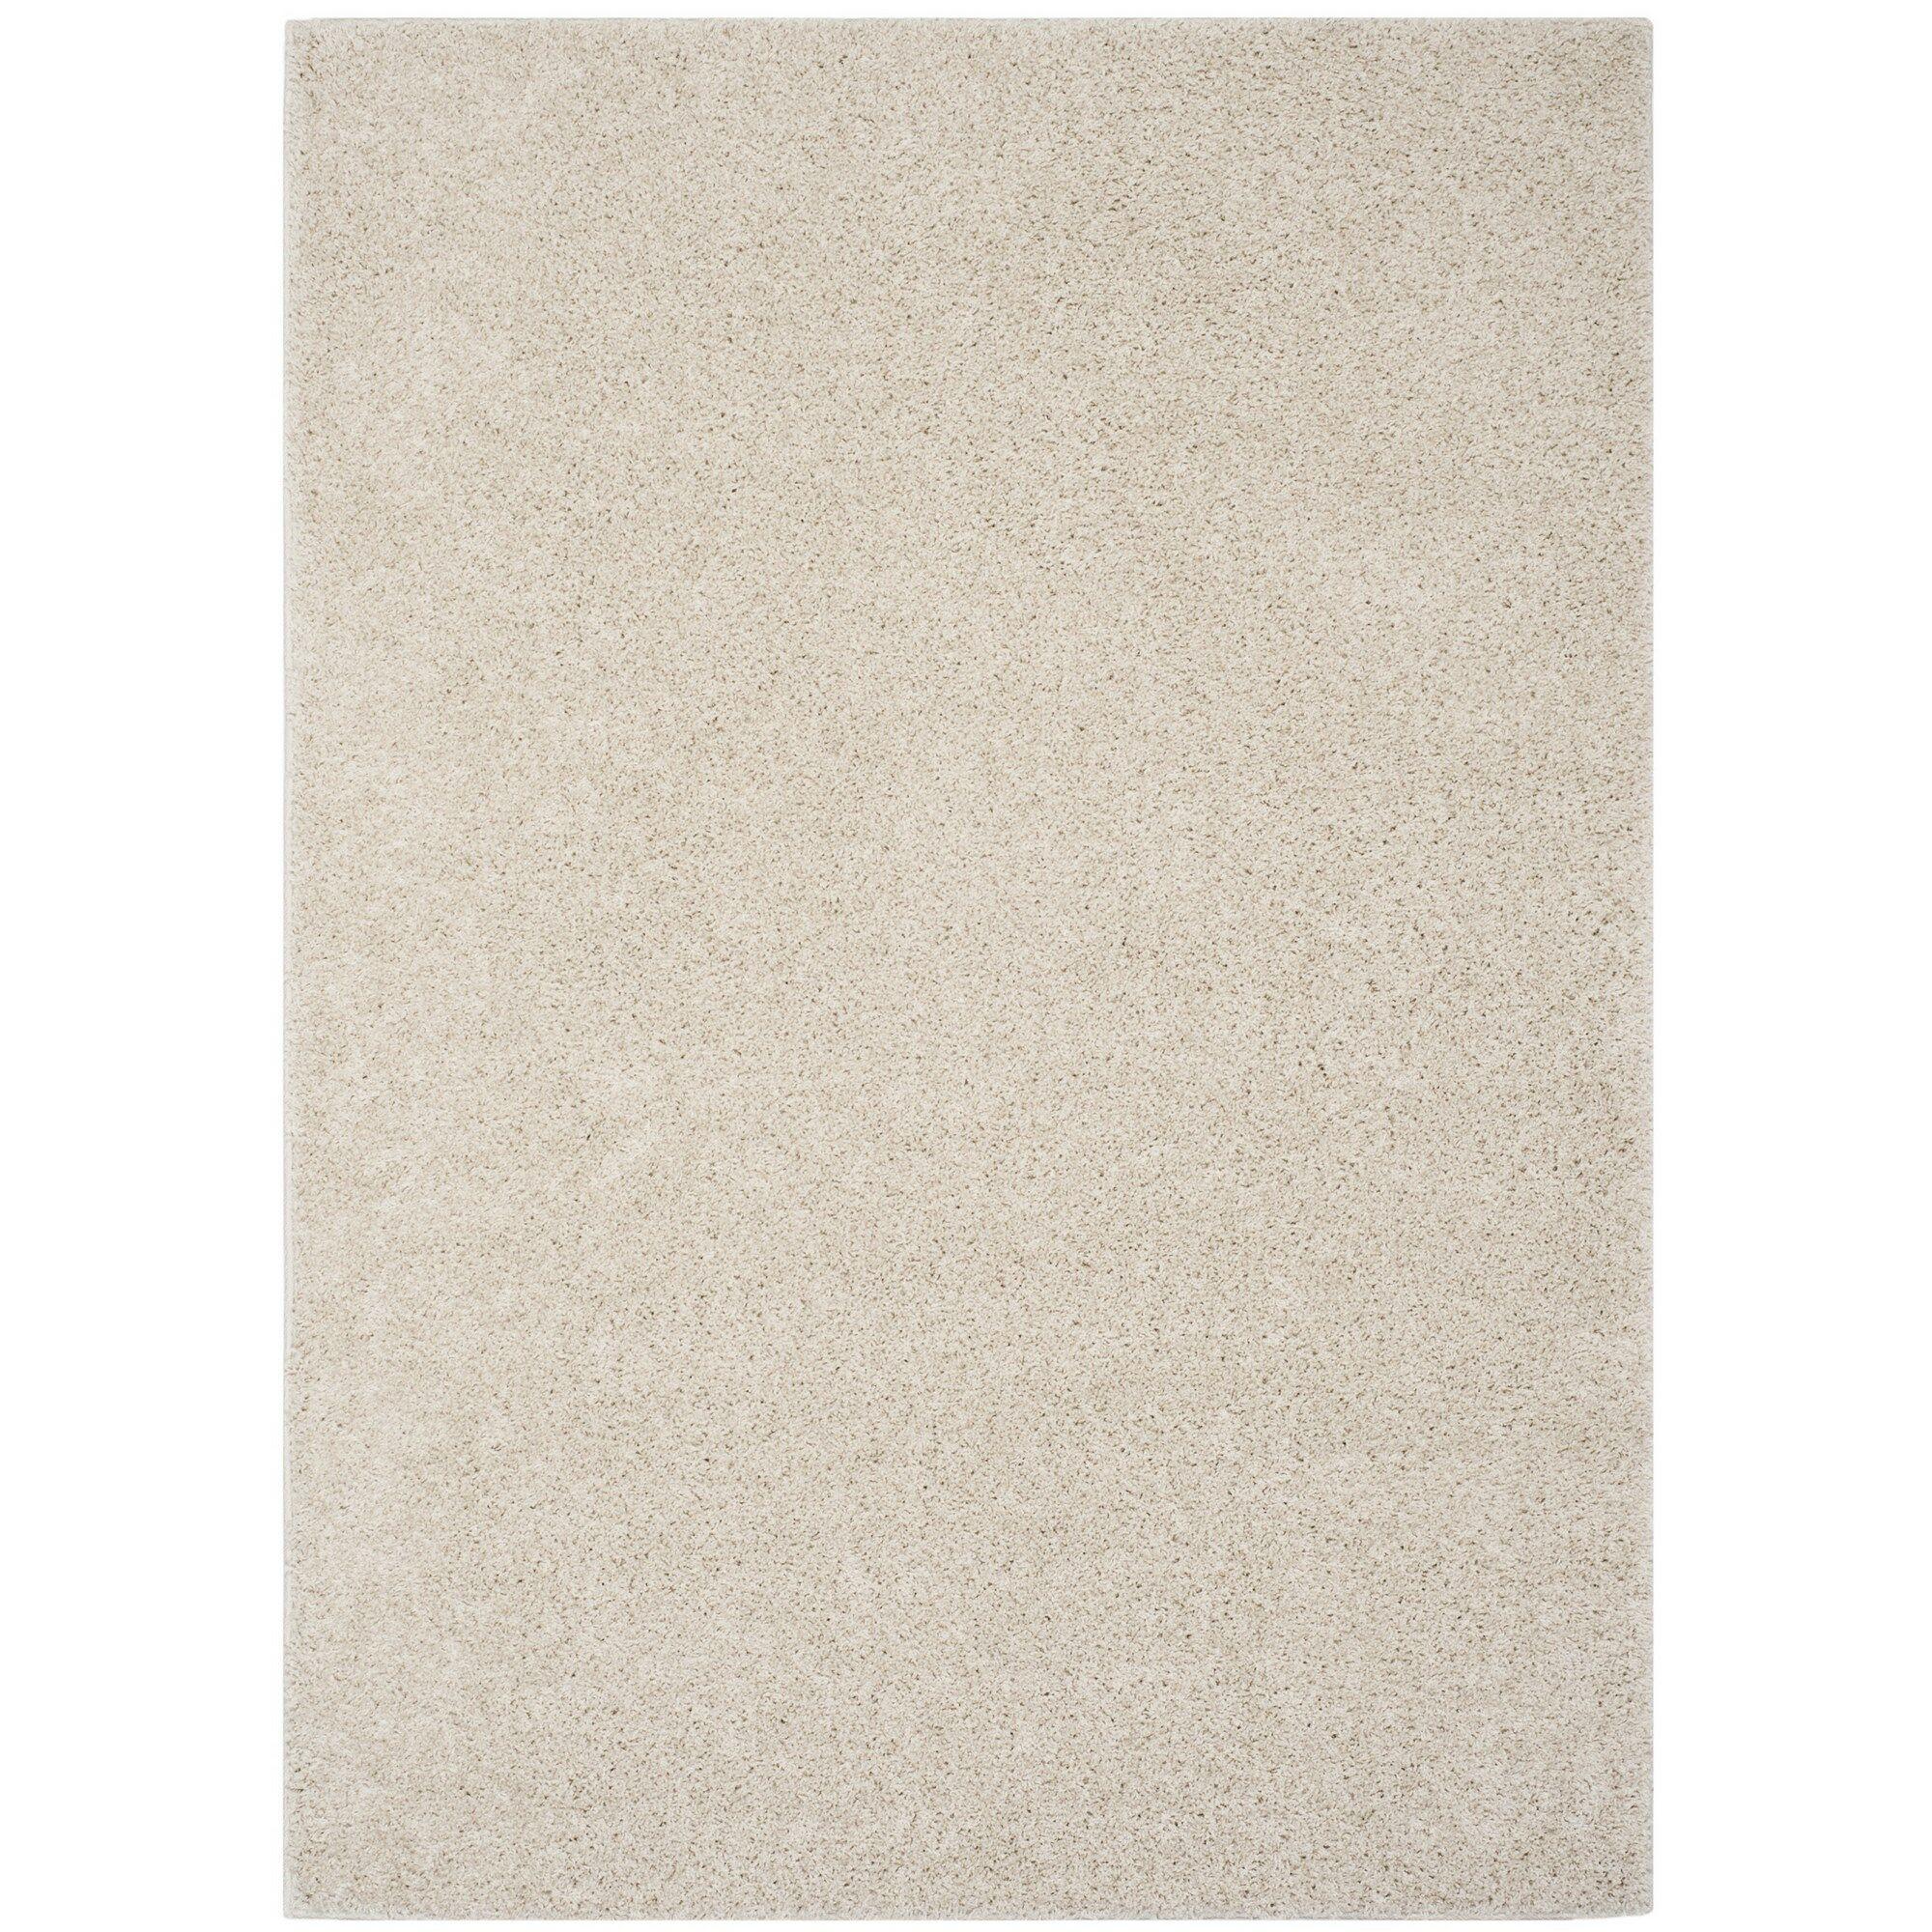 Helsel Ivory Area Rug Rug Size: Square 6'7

--*--

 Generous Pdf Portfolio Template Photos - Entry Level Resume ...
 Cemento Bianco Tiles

--*--

Give an exact copy of the lines above from the line with "Generous Pdf Portfolio" up to and including the line with "Cemento Bianco Tiles", and leave everything else out.

 Generous Pdf Portfolio Template Photos - Entry Level Resume ...
 Cemento Bianco Tiles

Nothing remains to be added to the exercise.